Problem 1.7. Show that |\sigma|=\mathsf{inv}(\sigma), where \mathrm{inv}(\sigma) is the cardinality of the set \{1 \leq i<j \leq n\ \colon\ \sigma(i)>\sigma(j)\} of inversions in the permutation \sigma. Hence compute the diameter of G=\mathrm{Cay}(S,T).

We conclude that the metric Gibbs measure on G=\mathrm{Cay}(S,T) is

\mathbb{P}(\sigma)=\frac{1}{Z}q^{\mathsf{inv}(\sigma)}.
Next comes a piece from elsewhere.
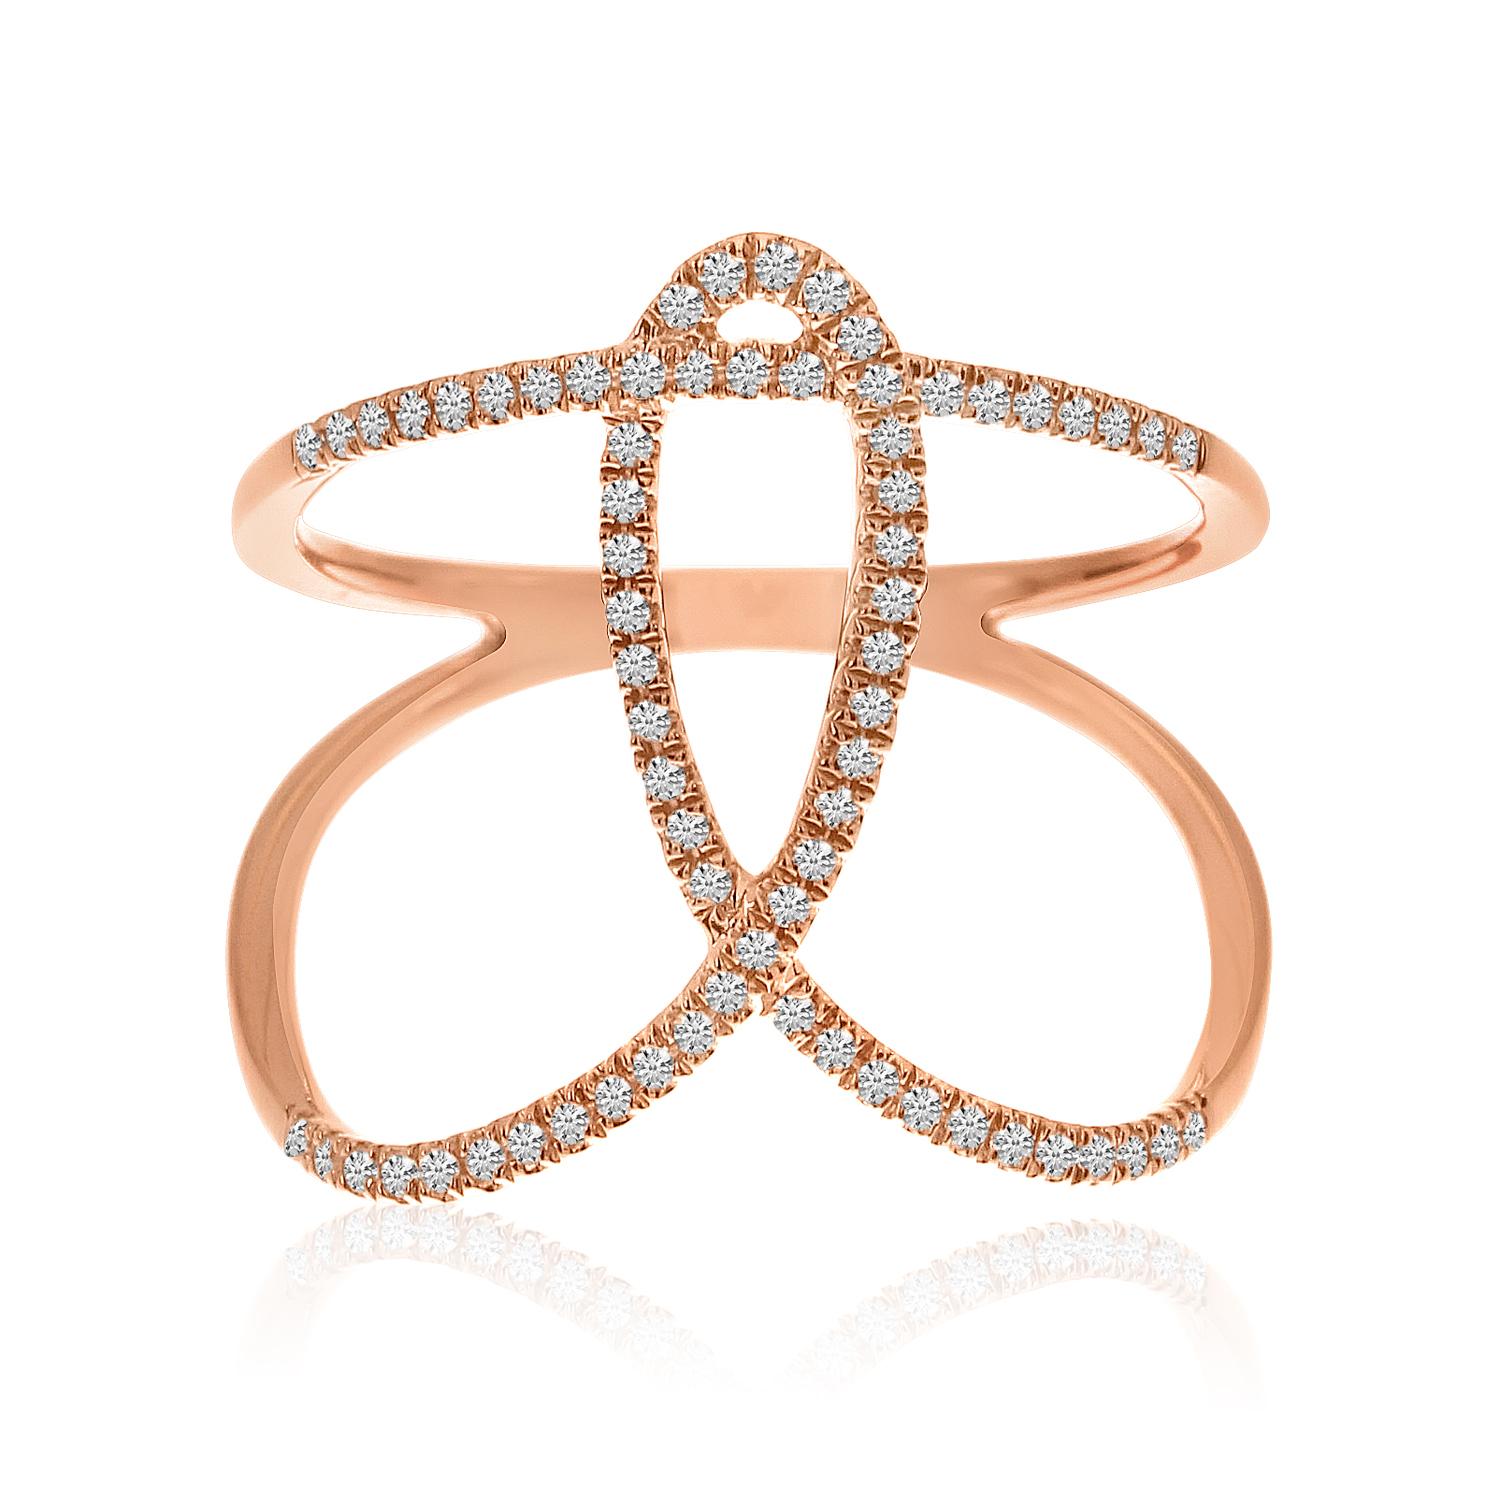 Colormerchants - 14K Rose Gold Knot Bypass Diamond Fashion Ring

This is a famous probability measure on permutations called the Mallows measure; it arises in theoretical computer science in the analysis of sorting algorithms. It is a remarkable fact that the partition function

Z=\sum\limits_{\sigma \in S} q^{|\mathsf{inv}(\sigma)|}.

It is a remarkable fact that this partition function can be evaluated exactly, i.e. this stat mech model is exactly solvable. For any positive integer k, the corresponding q-number is

[k]_q = 1+q+ \dots + q^{k-1},

so that in particular [k]_1=k reverts to an ordinary number at q=1. The q-factorial is accordingly defined as

[k]_q! = [1]_q[2]_q \dots [k]_q.

Here’s a pretty thing.

Theorem 1.1. The partition function for Mallows measure is Z=[n]_q!.

Now you can derive many things, including the following.

Problem 1.8. Find a formula for the expected number of inversions in a random permutation whose distribution is Mallows measure. Using your result, find a formula for the expected number of inversions in a uniformly random permutation.